For example, consider $e_ie_j$. You can verify $R=\exp(\theta e_ie_j)=\cos(\theta)+\sin(\theta)e_ie_j$. If you define the spin group as being generated by products of evenly-many unit or pseudo-unit vectors (those which square to $\pm1$ in the algebra, meaning their (pseudo)-Euclidean squared norm is $\pm1$), we can see this $R$ is in the spin group by writing it as $e_i(-\cos\theta e_i+\sin\theta e_j)$.

The vector space is considered a subspace of the Clifford algebra. (The algebra is graded, starting with scalars at grade $0$, then vectors at grade $1$, then bivectors, etc.) And it is closed under the conjugation-action of the spin group. (One could conversely define the spin group via this property. The inverse of a product of vectors is the reverse product times $\pm1$ depending on the parity of the number of vectors, and this is extended linearly to an anti-automorphism of the algebra which is used in place of inversion for the conjugation action.) Thus, for an element $R$ of the spin group, we can define $\phi(R)$ to be a linear operator acting on the vector space via $\phi(R)v:=RvR^{-1}$.

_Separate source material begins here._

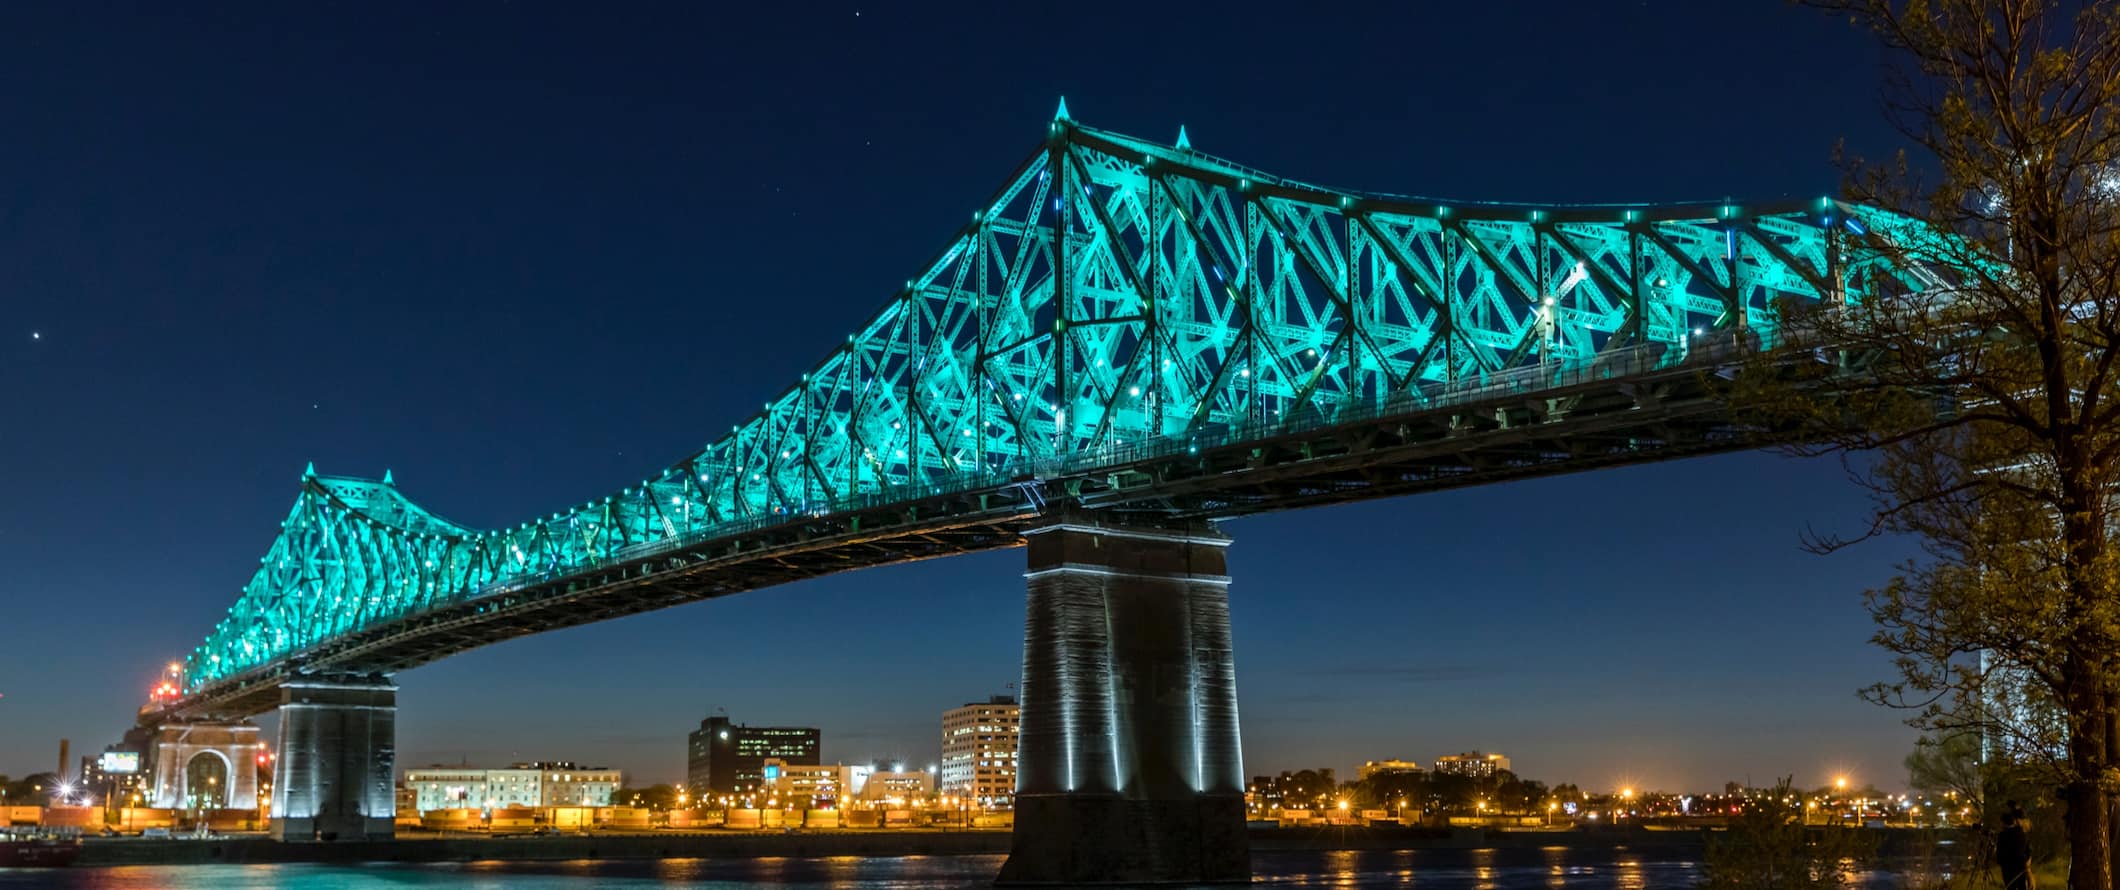 Cartier Iconic Bridge em Montreal, Canadá, iluminou à noite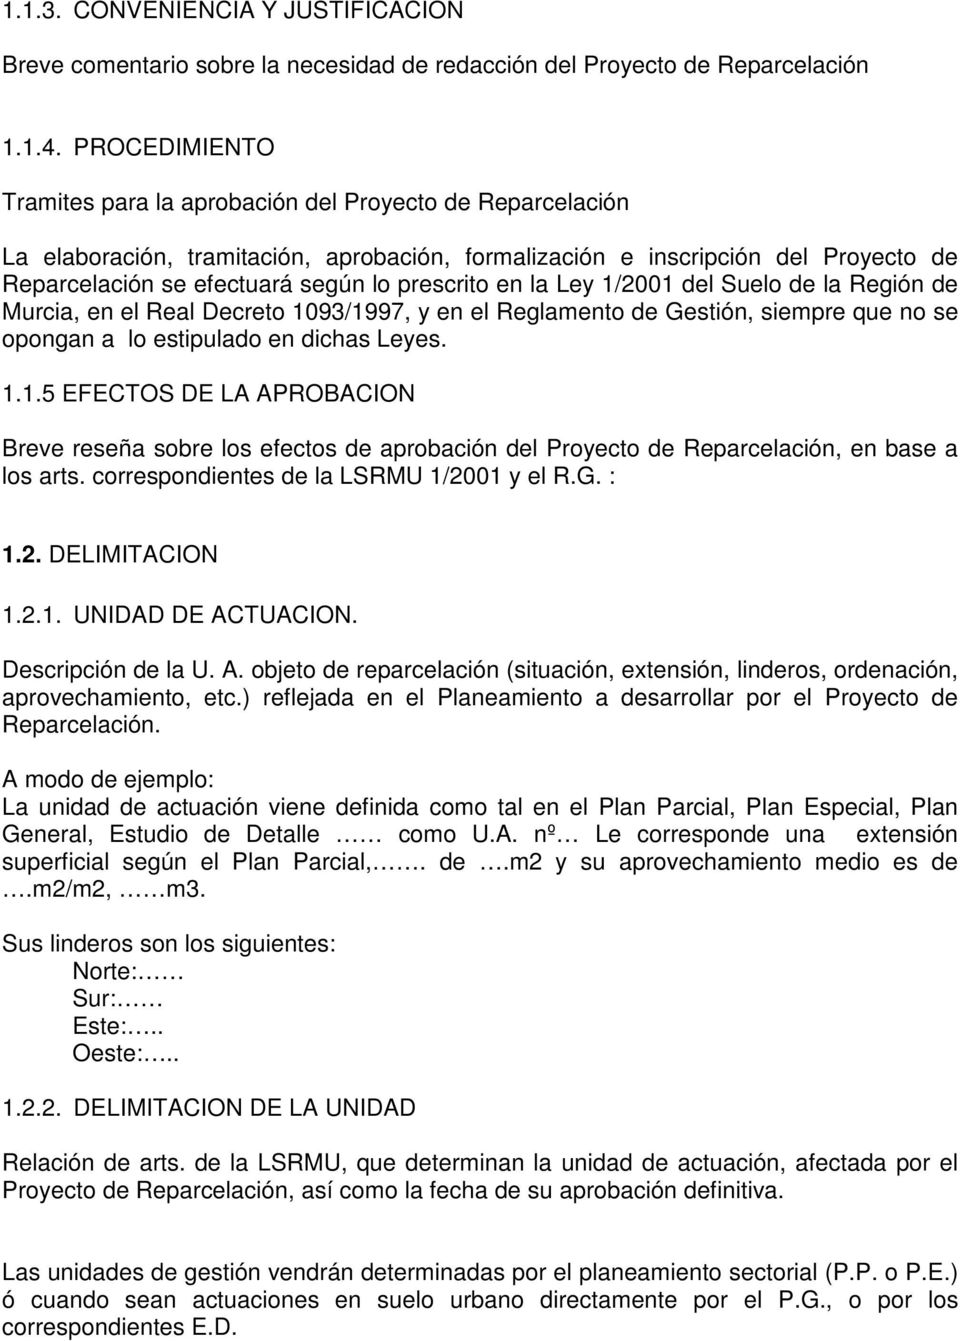 prescrito en la Ley 1/2001 del Suelo de la Región de Murcia, en el Real Decreto 1093/1997, y en el Reglamento de Gestión, siempre que no se opongan a lo estipulado en dichas Leyes. 1.1.5 EFECTOS DE LA APROBACION Breve reseña sobre los efectos de aprobación del Proyecto de Reparcelación, en base a los arts.

If we assume the vector space has an ordered basis, all linear operators acting on it may be represented as matrices, which means in turn $\phi(R)$ can be written down as a matrix. This gives a $2$-to-$1$ homomorphism $\phi:\mathrm{Spin}(V)\to\mathrm{SO}(V)$. Since $\phi(-R)=\phi(R)$, the fibers are $\pm R$. In other words, $\pm R$ are distinct elements of the spin group, but turn into the same rotation in the special orthogonal group.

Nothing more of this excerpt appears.